**Activity**
The lines needed run from the one that contains "Jennifer Lake Color Block Outfit" through the end of the material below, both included; write them out exactly, with no pictures.

**Data excerpt**
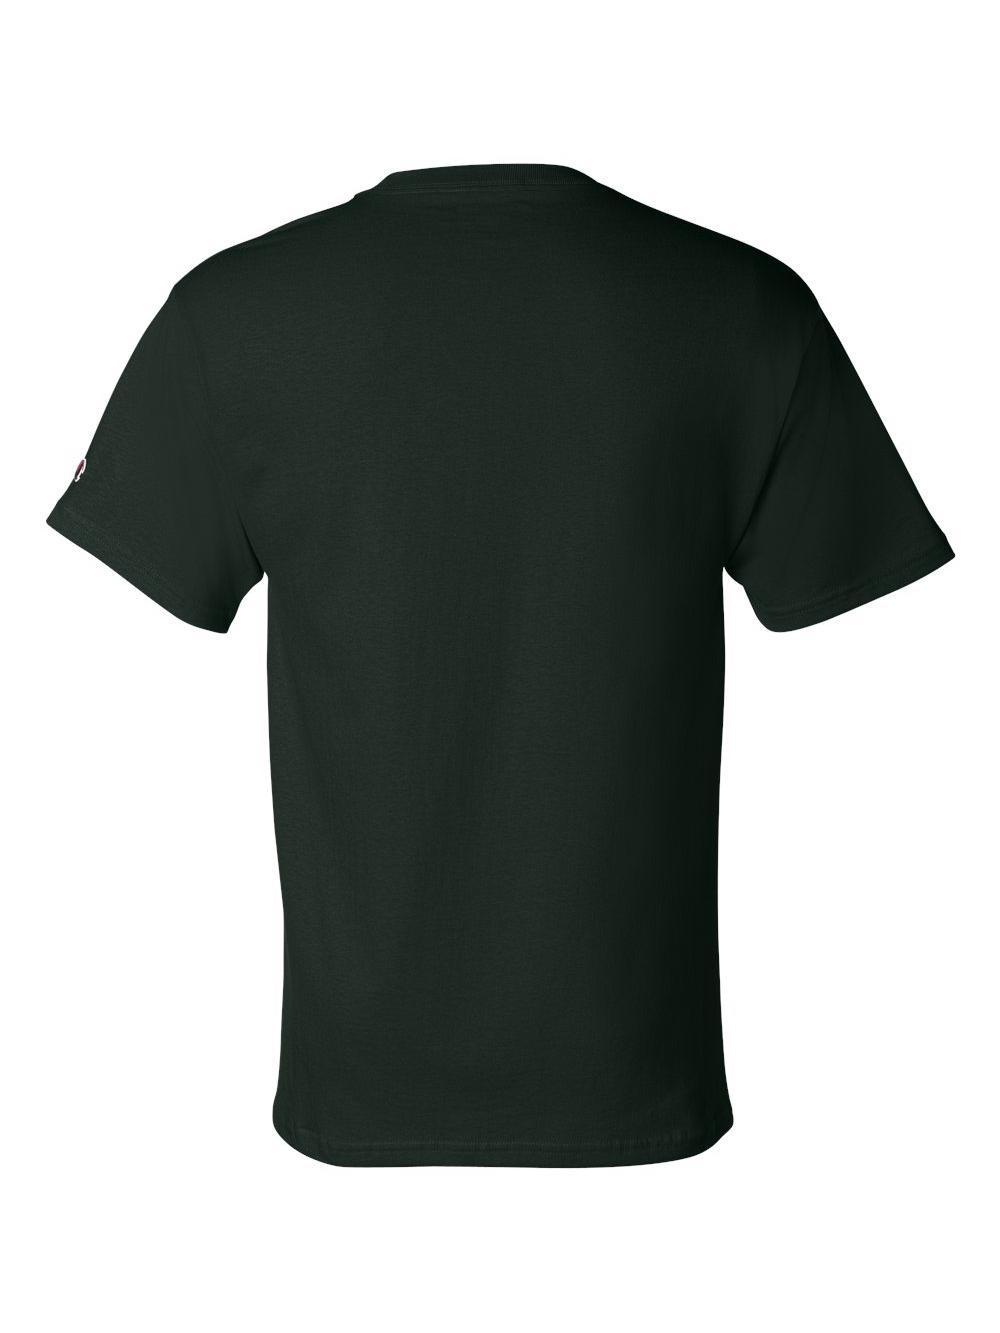 Champion-Short-Sleeve-T-Shirt-T425 thumbnail 13
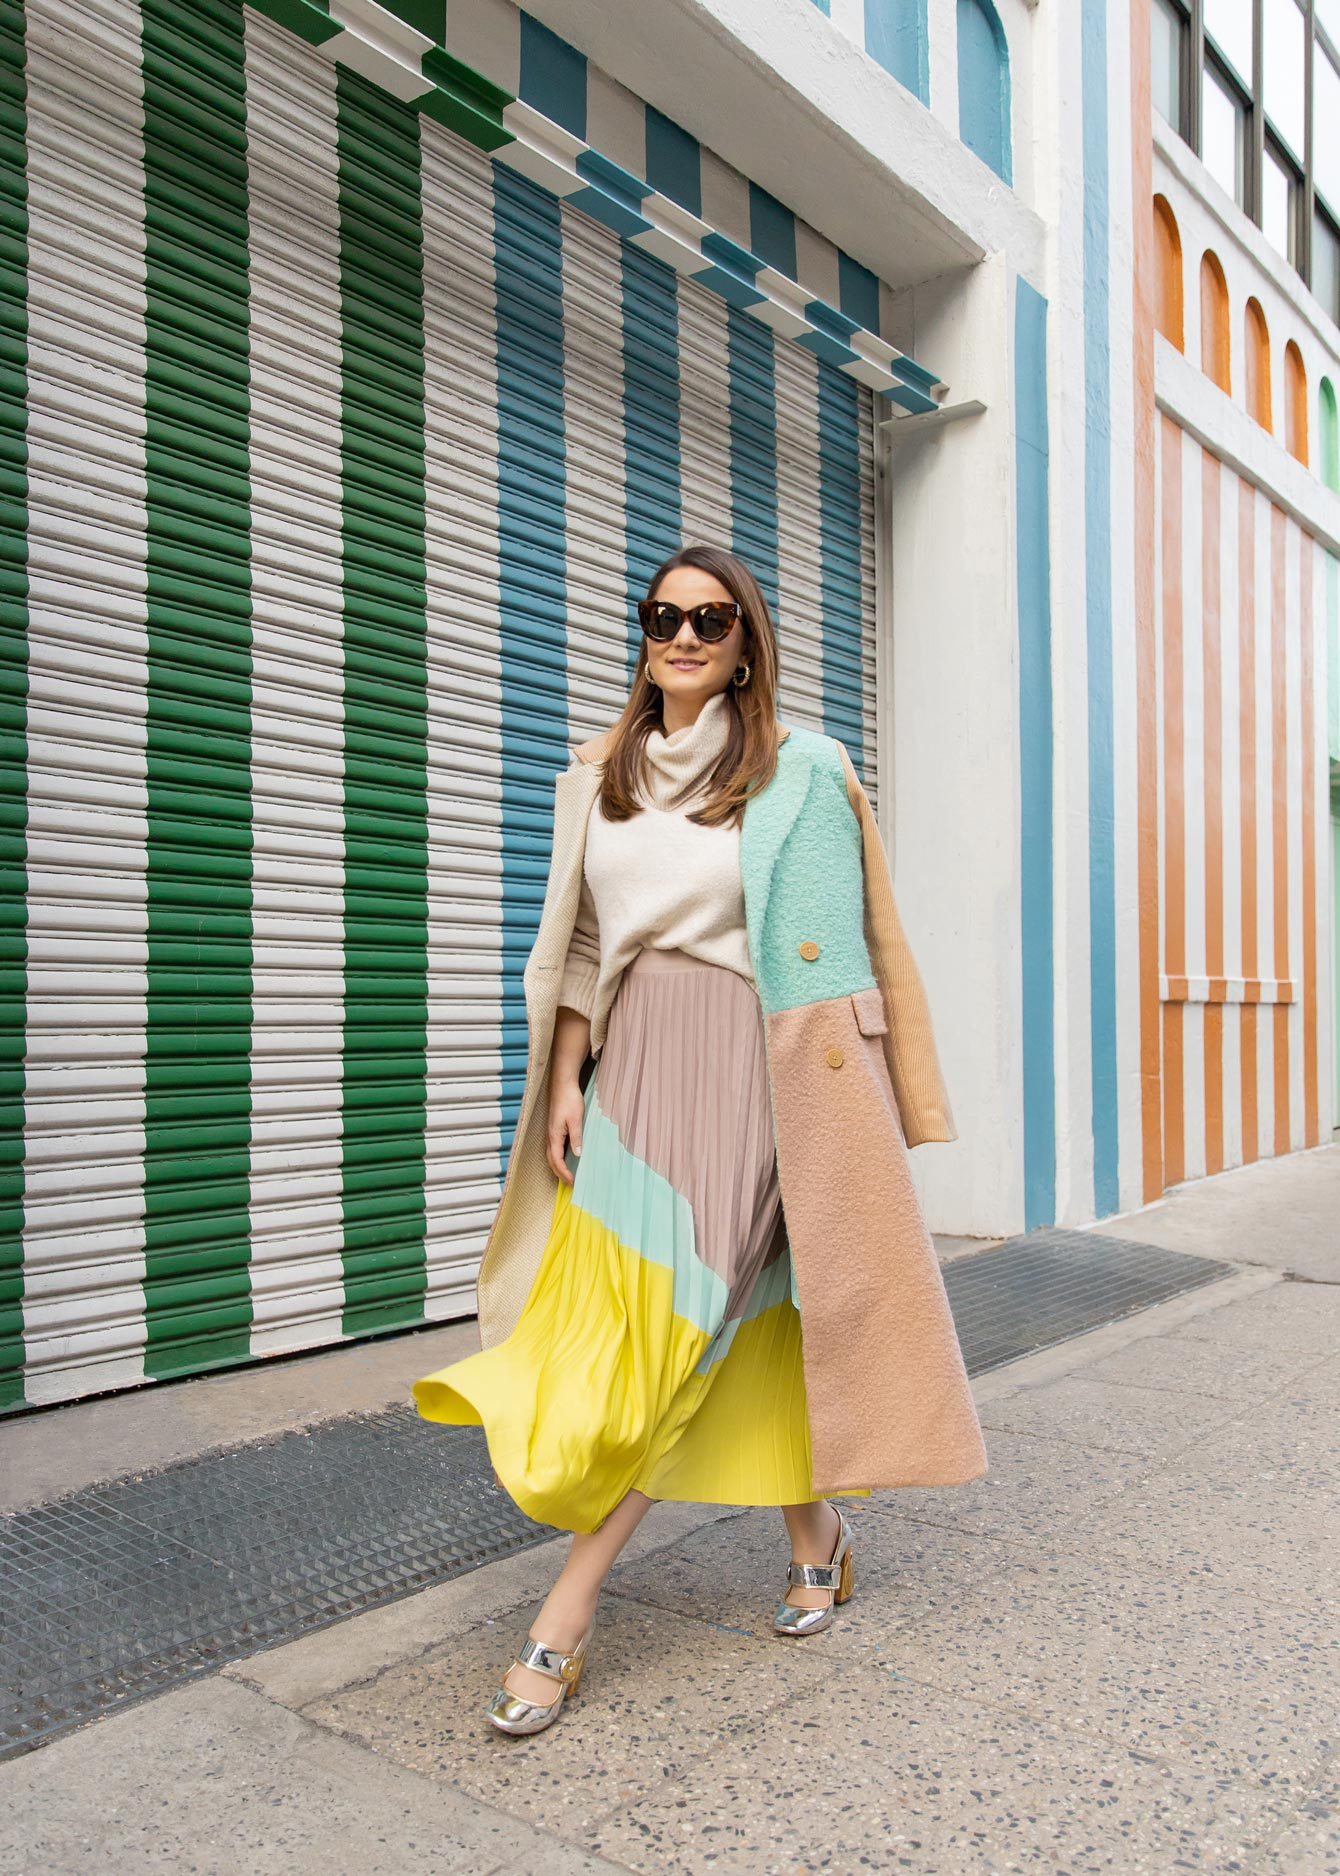 Jennifer Lake Color Block Outfit
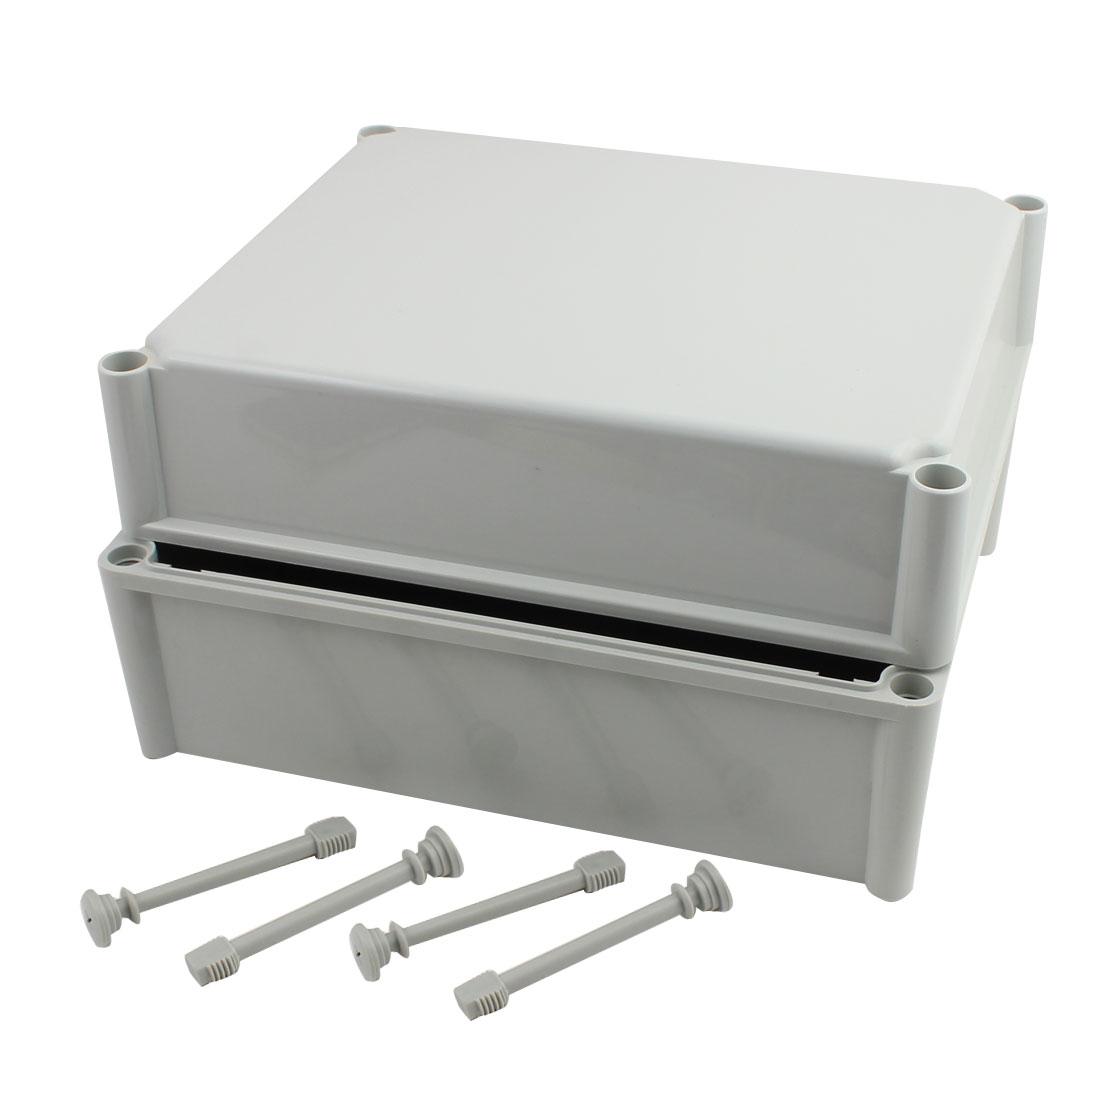 340mm x 280mm x 180mm Dustproof IP65 Junction Box DIY Case Enclosure Gray

**Solution for this task**
 Jennifer Lake Color Block Outfit
 340mm x 280mm x 180mm Dustproof IP65 Junction Box DIY Case Enclosure Gray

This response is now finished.